Mit Weltoffenheit gegen Fachkräftemangel

Leipzig – Am Donnerstag lud der Verein „Wirtschaft für ein weltoffenes Sachsen“ zu seiner dritten Auftaktveranstaltung in die IHK Leipzig. Zielsetzung des Vereins ist, über die Chancen zu informieren, die Interkulturalität für die sächsische Wirtschaft bietet. Im Mittelpunkt der Vortragsreihe in den Räumlichkeiten der Industrie- und Handelskammer stand hierbei das Thema „Fachkräftemangel in Sachsen“ .

Neben Vorstandssprecher Andreas von Bismarck und zahlreichen Wirtschaftsvertretern wohnten auch der Präsident der Leipziger IHK, Kristian Kirpal, Staatsminister Dr.
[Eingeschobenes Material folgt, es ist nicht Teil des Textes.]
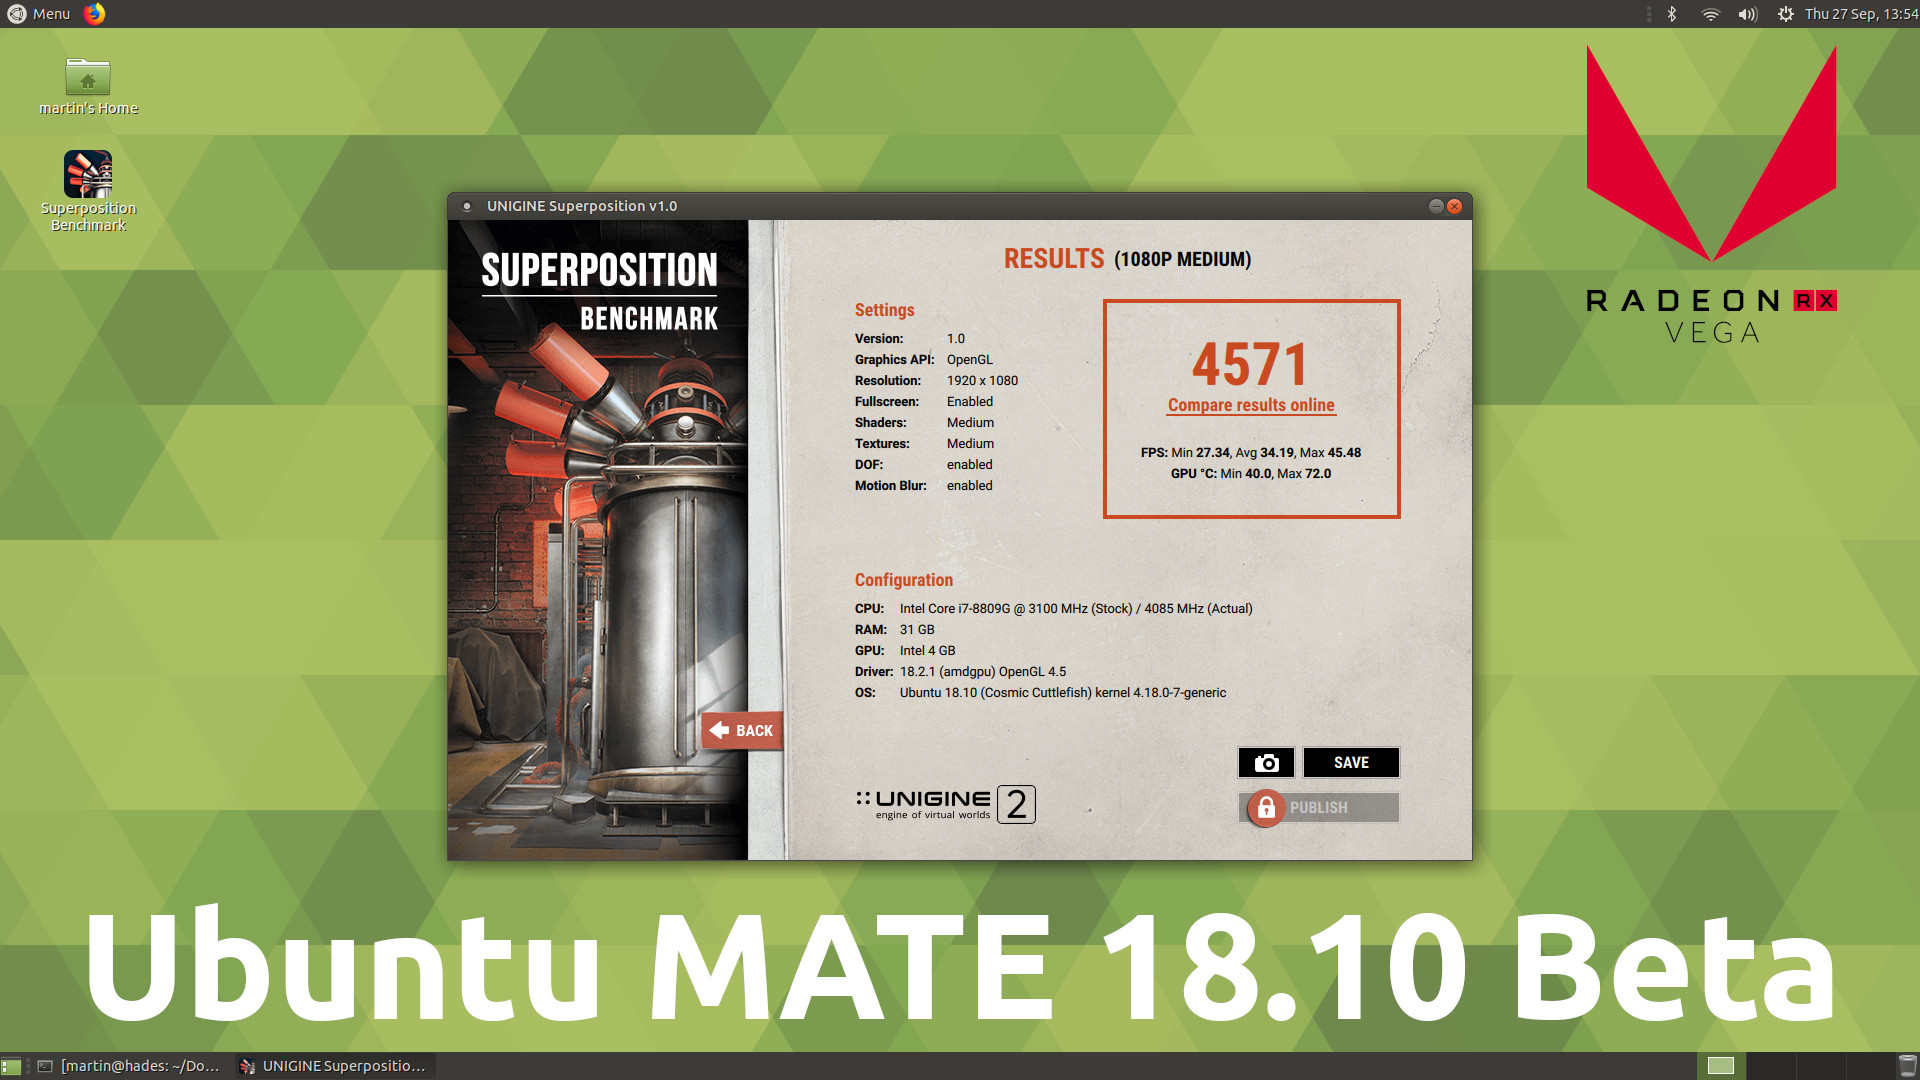 Ubuntu MATE 18.10 Beta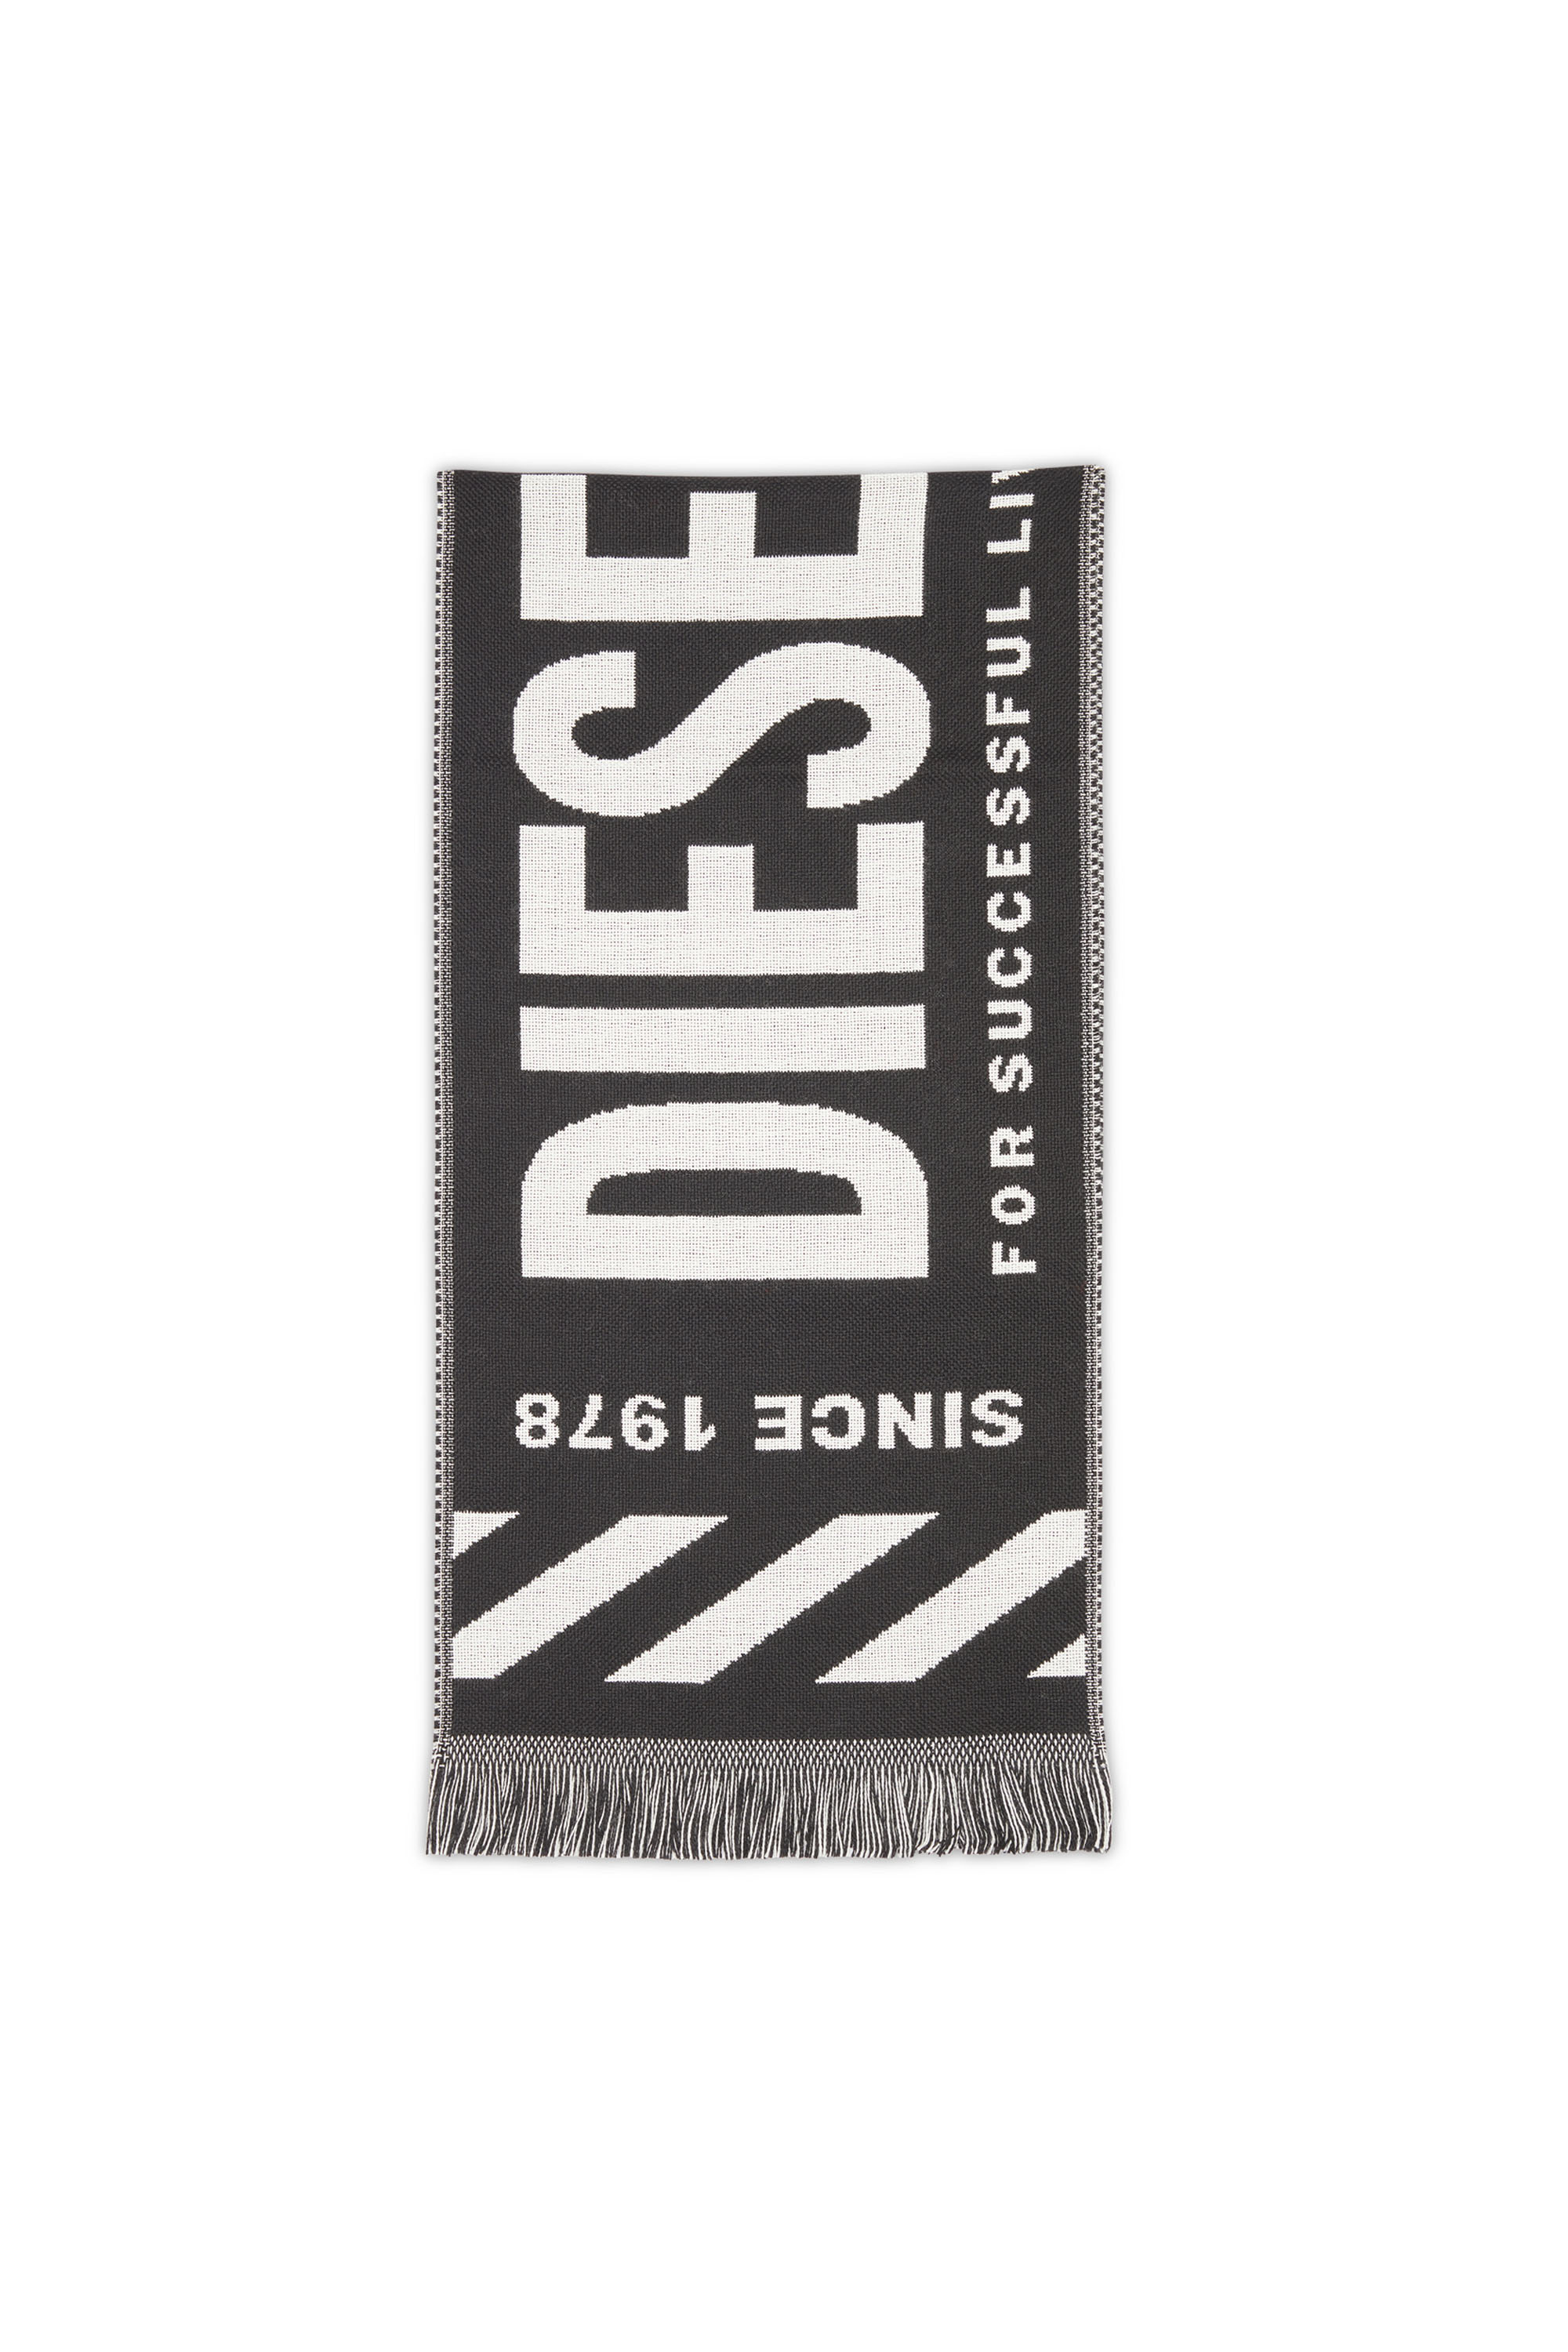 Diesel - S-BISC, Black - Image 1

Fritz Jaeckel und OB Burkhard Jung der Veranstaltung bei. Der Leipziger Oberbürgermeister unterstützt den Verein als Mitglied des Kuratoriums.

Der Freistaat Sachsen möchte bis zum Jahr 2020 in die Sicherung von Fachkräften investieren. Gerade auch die Integration von Zuwanderern in ansässige Unternehmen möchte der Verein fördern. Laut einer vereinsinternen Umfrage berichten zwei Drittel der am Projekt beteiligten Unternehmen von guten Erfahrungen mit Mitarbeitern mit Migrationshintergrund.